Required work.
The following data needs to be repeated exactly, with all images excluded.

Information shown.

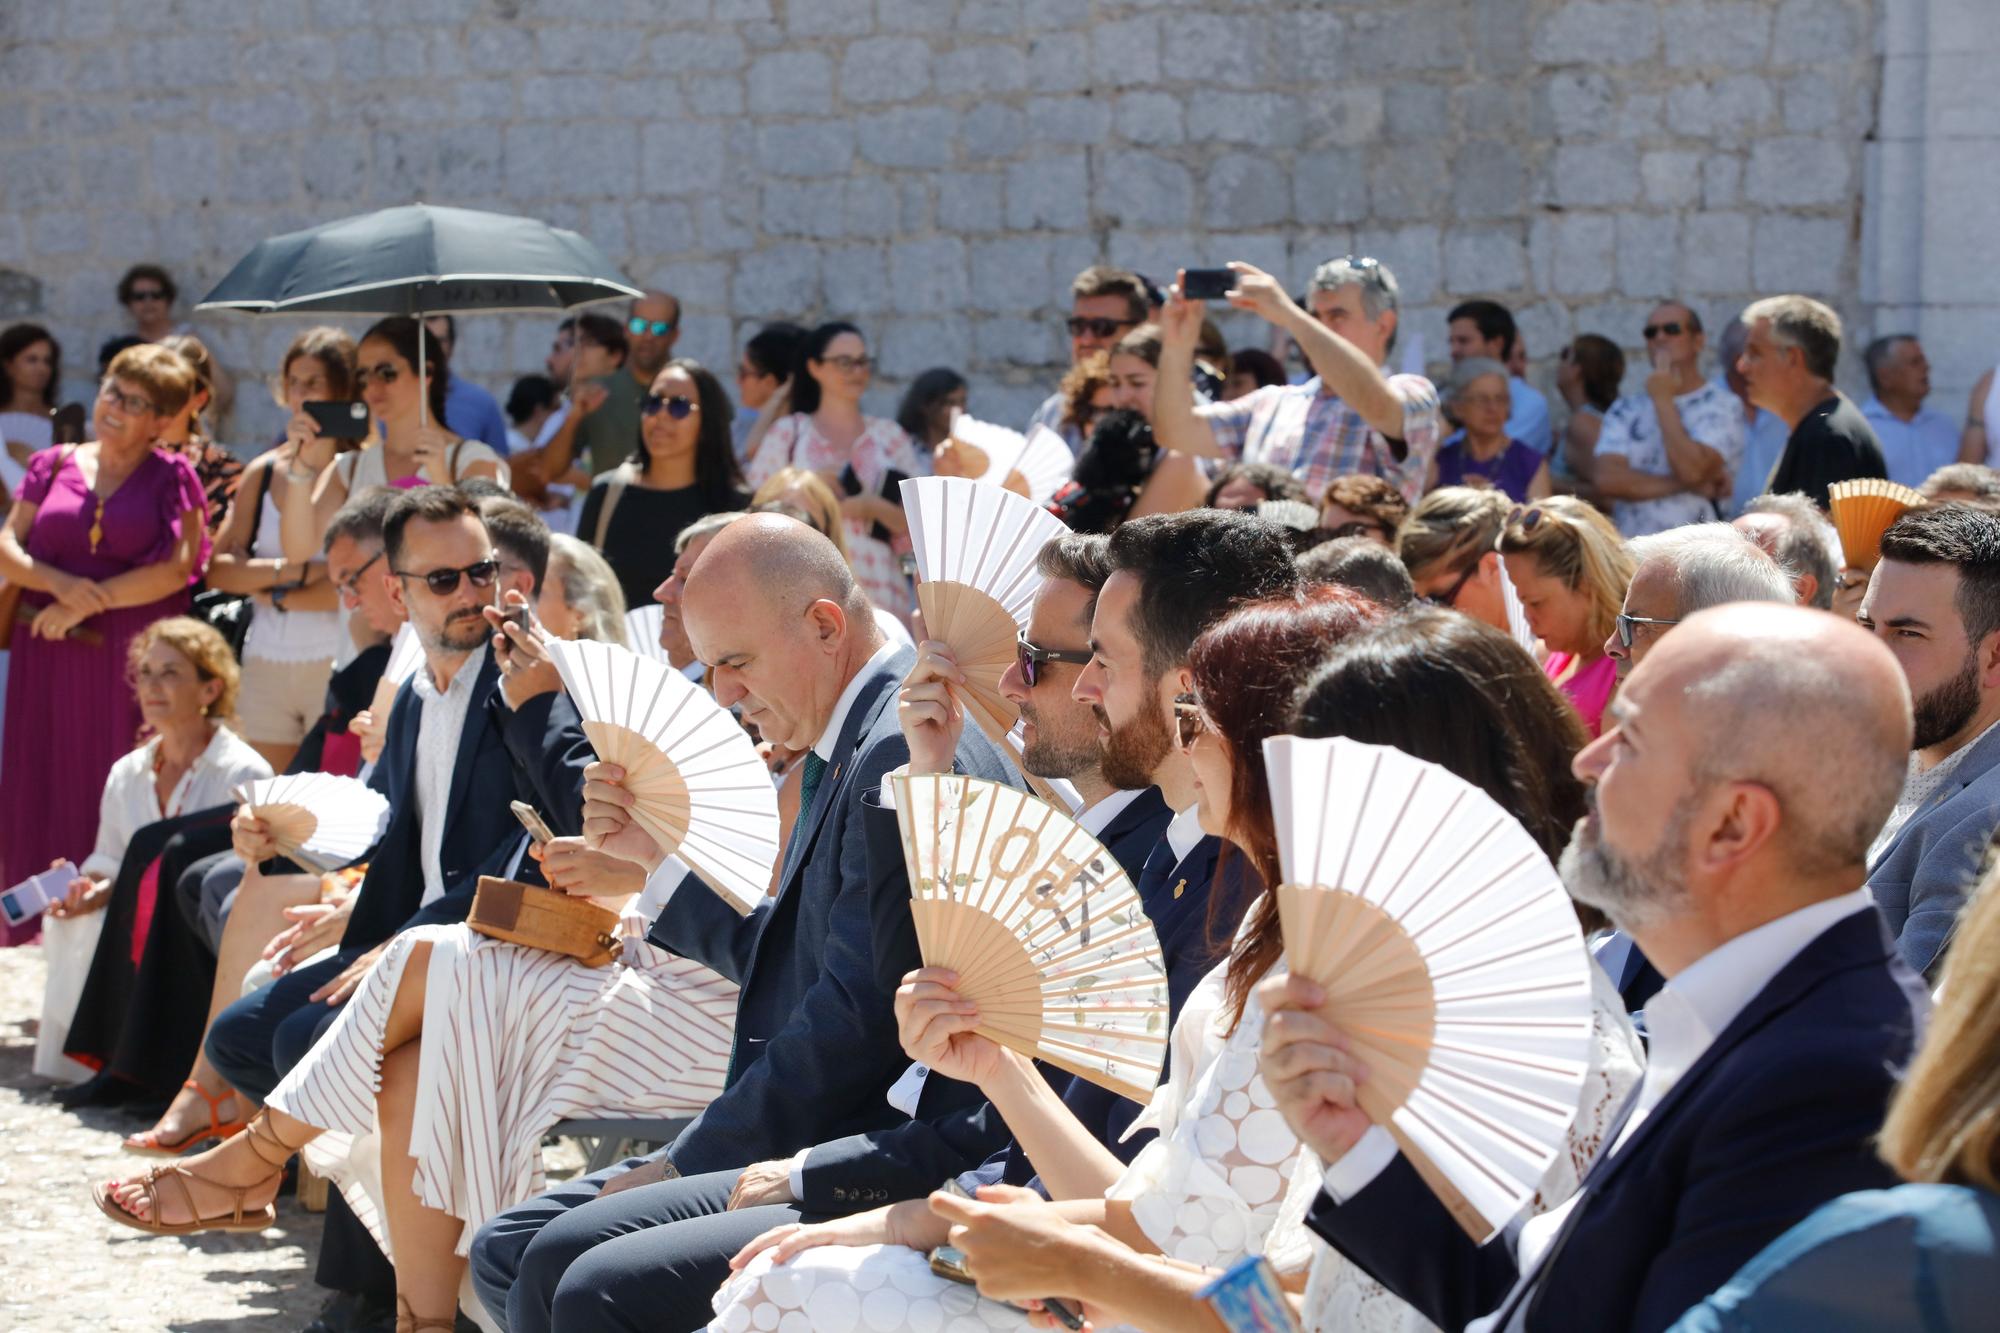 Las imágenes del Día de Sant Ciriac en Ibiza.
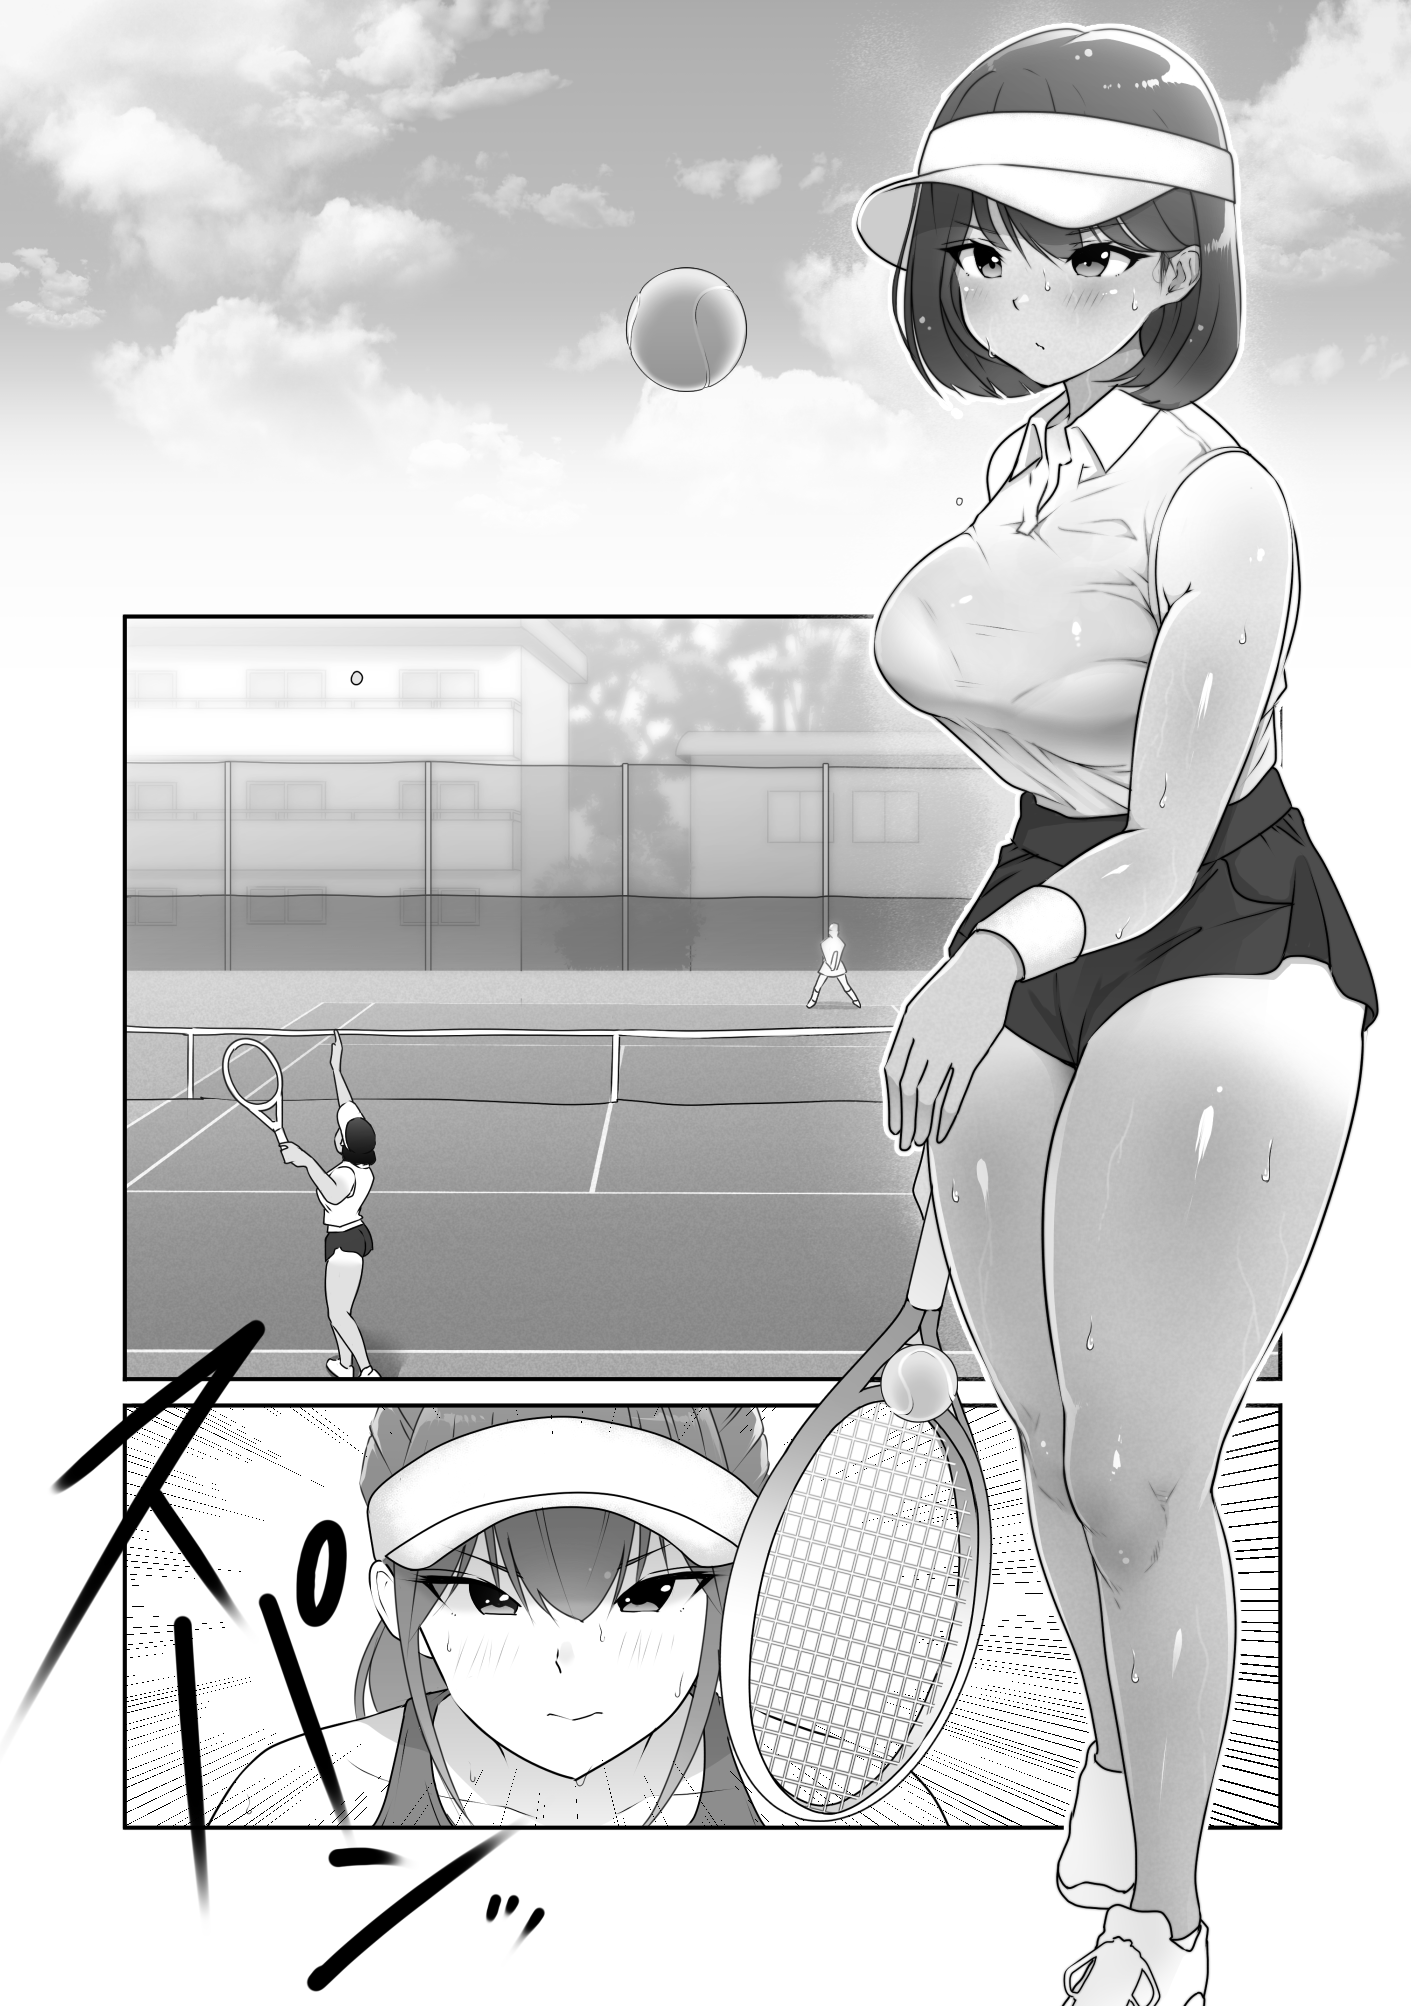 野球部の手におちた-4 【エロ漫画乱交】野球部の男子がテニス部の女子達をオナホ状態に種付けまくる！
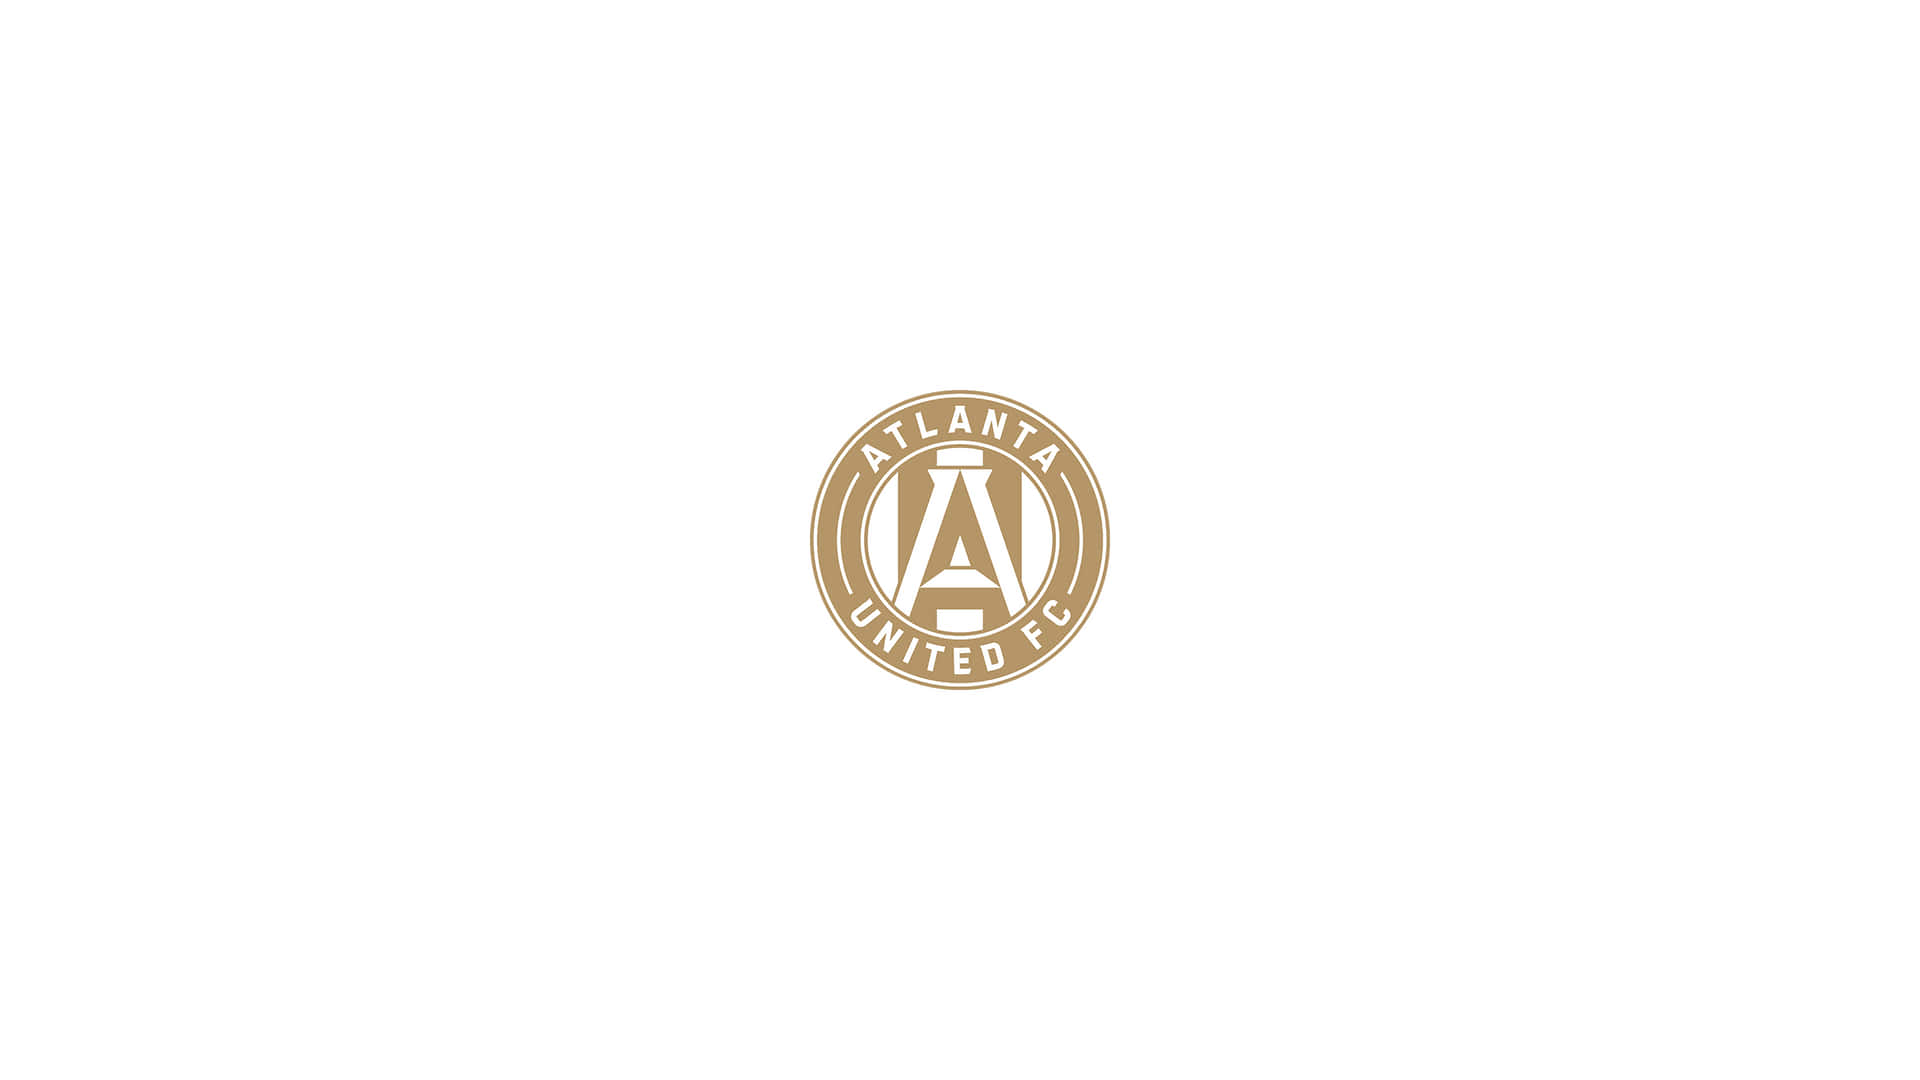 Logotipominimalista Do Atlanta United Fc. Papel de Parede
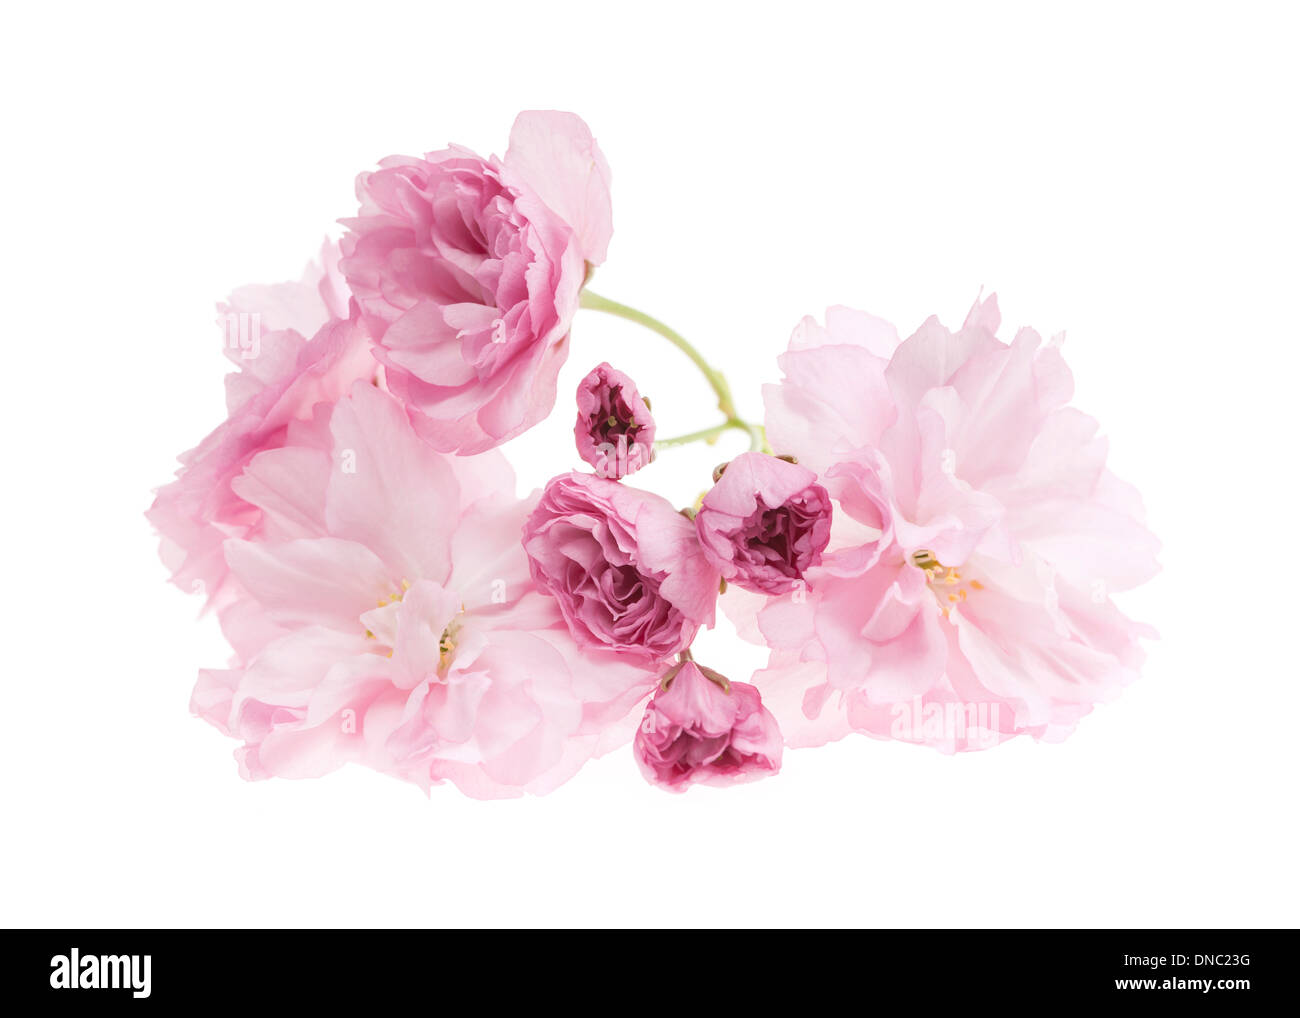 Fleur de cerisier rose fleurs close up isolé sur fond blanc Banque D'Images

Answer to this task.
 Las imágenes del Día de Sant Ciriac en Ibiza.
 野球部の手におちた-4 【エロ漫画乱交】野球部の男子がテニス部の女子達をオナホ状態に種付けまくる！
 Logotipominimalista Do Atlanta United Fc. Papel de Parede
 Fleur de cerisier rose fleurs close up isolé sur fond blanc Banque D'Images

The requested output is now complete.